The Senate bill has already sparked backlash from various GOP factions and several provisions threaten the fragile coalition that squeaked the legislation through the House by a single vote last month. 

The legislation could still be altered before it heads to the Senate floor, where Trump can afford to lose no more than three Republicans. 

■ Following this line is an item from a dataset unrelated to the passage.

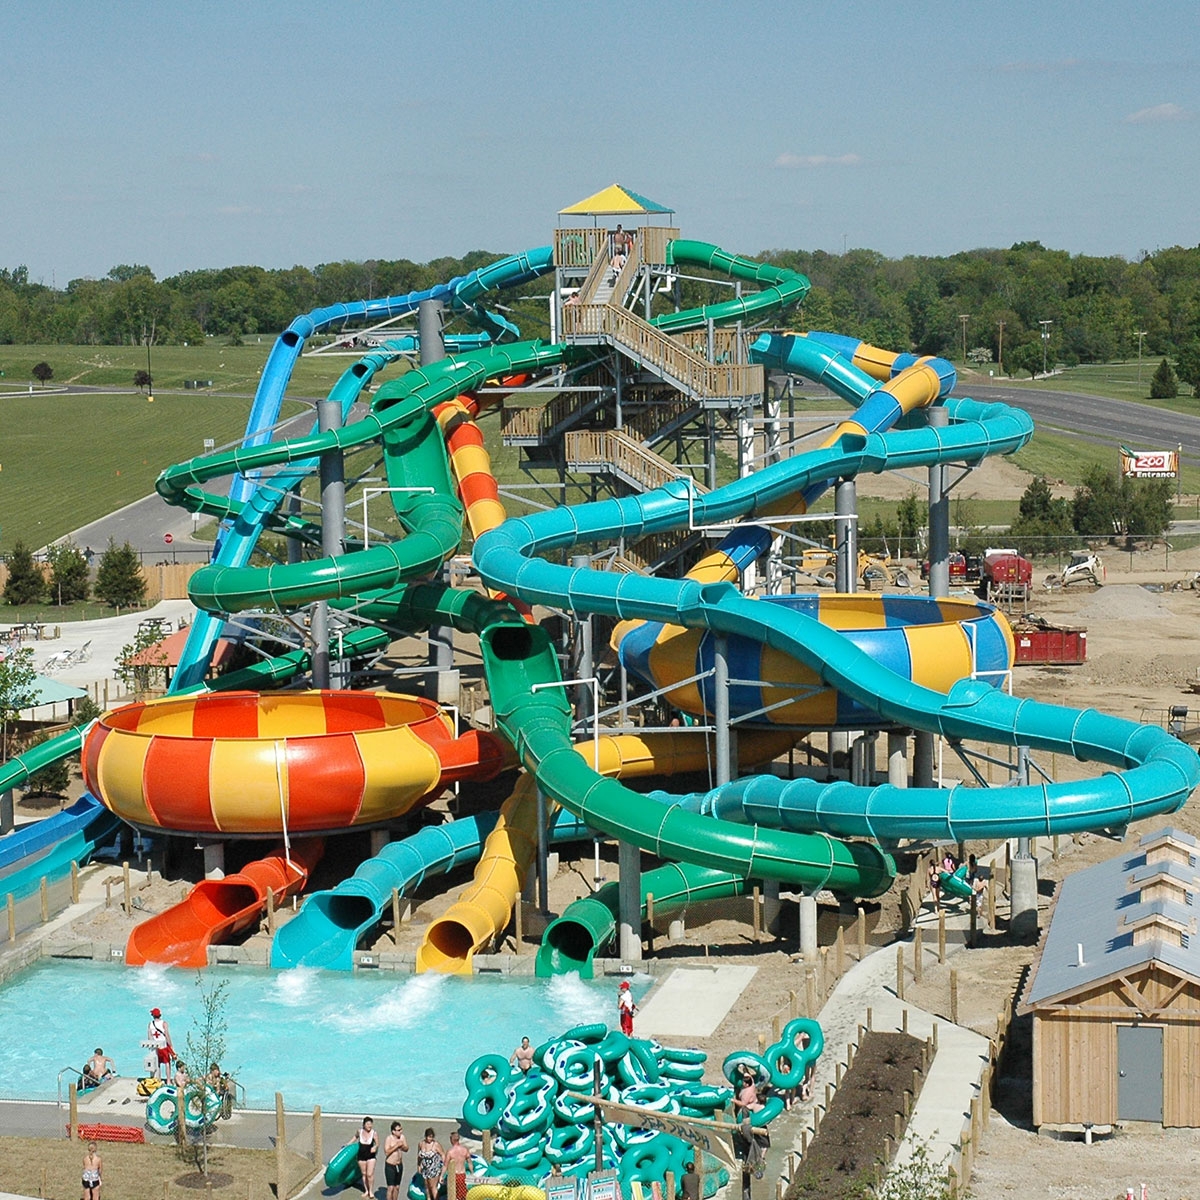 Theme Park Review • Six Flags St. Louis (SFStL) Discussion Thread
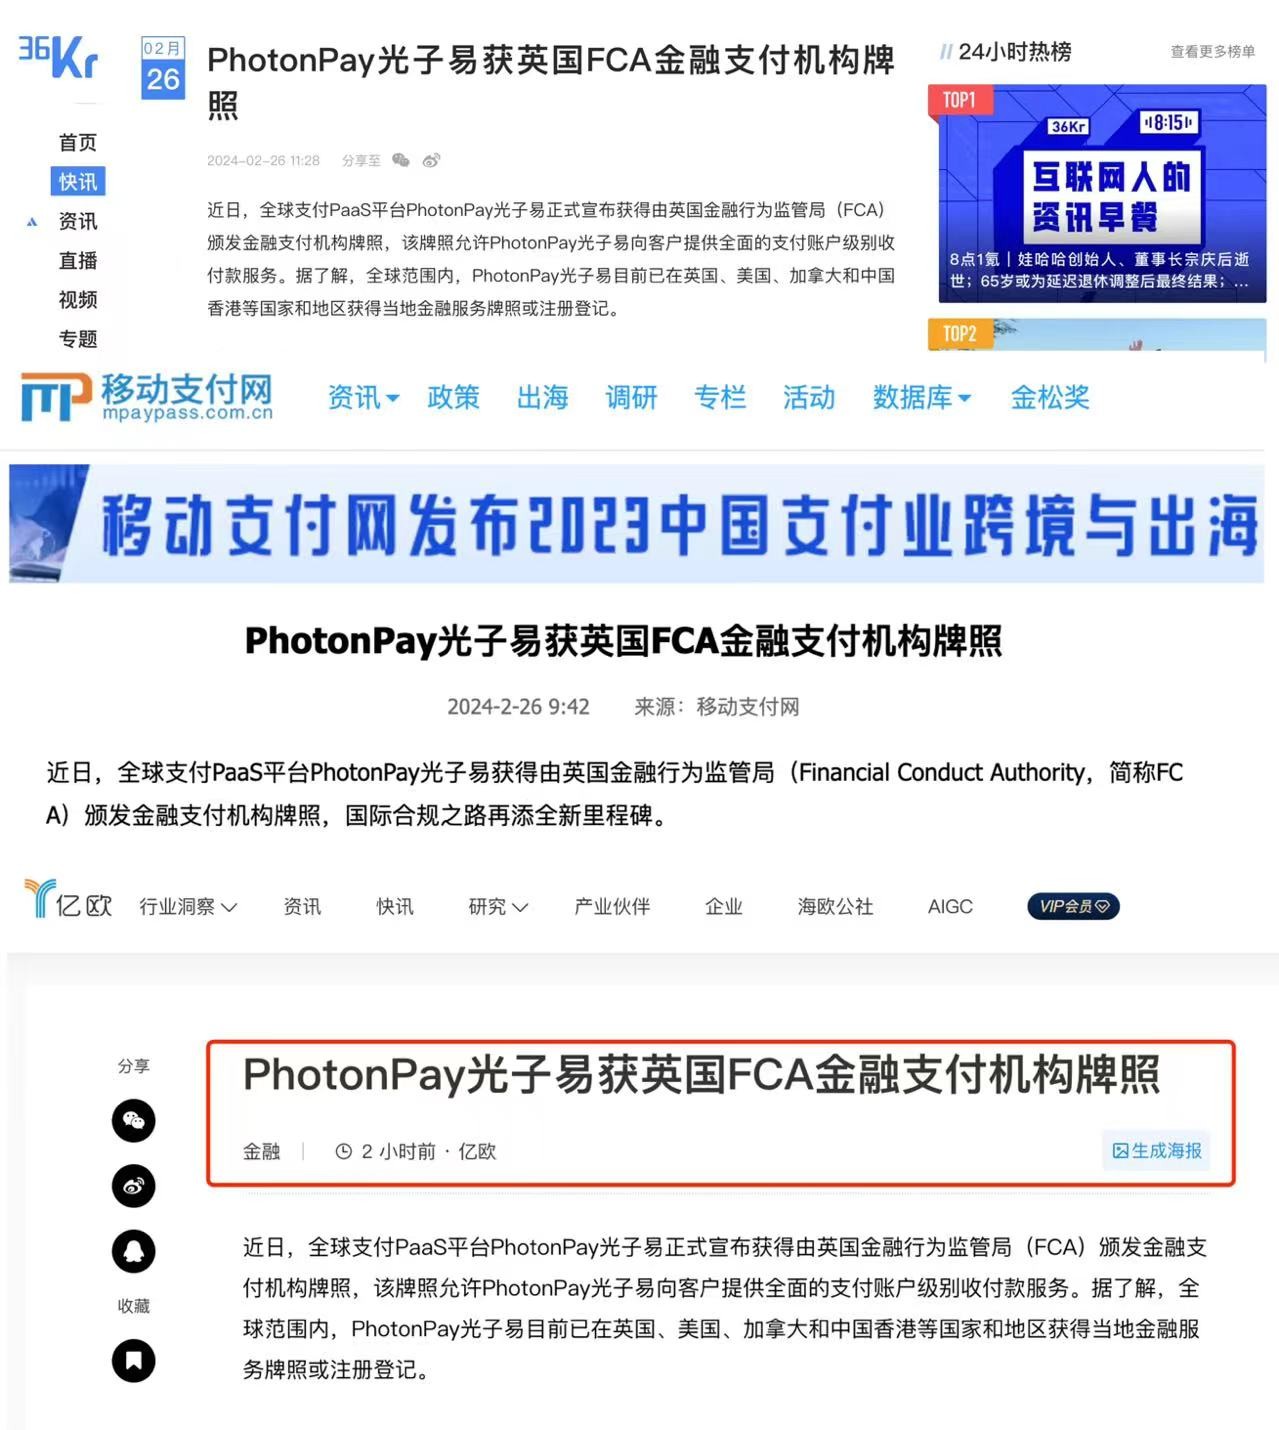 PhotonPay光子易获英国FCA金融支付机构牌照，多家权威媒体关注报道

Here’s who’s winning and losing at this stage in the tax fight.

Winners

Manufacturers, banks

The Senate would make permanent three business tax deductions that the House bill would sunset after 2029. The tax breaks include the ability to use depreciation and amortization as the basis for interest expensing, the research and development write-off and a 100% bonus depreciation of certain property, including most machinery and factories. Banks could see a surge in lending as companies have more cash freed up to invest in projects.

Wealthy U.S. colleges

Private universities that have endowments of at least $2 million per pupil would pay an excise tax of 8%, a significant decrease from the devastating 21% rate that was included in the House proposal. That’s still up from the current tax of 1.4% but it’s a more survivable outcome for universities like Harvard, Yale, Princeton and MIT. 

Chipmakers

The Senate bill calls for increasing an investment credit for semiconductor manufacturers to 30%. That’s up from the previous credit of 25%, giving chipmakers more incentive to spend on new facilities. Major beneficiaries of the tax credit have included Intel Corp., Taiwan Semiconductor Manufacturing Co., Samsung Electronics Co. and Micron Technology Inc.  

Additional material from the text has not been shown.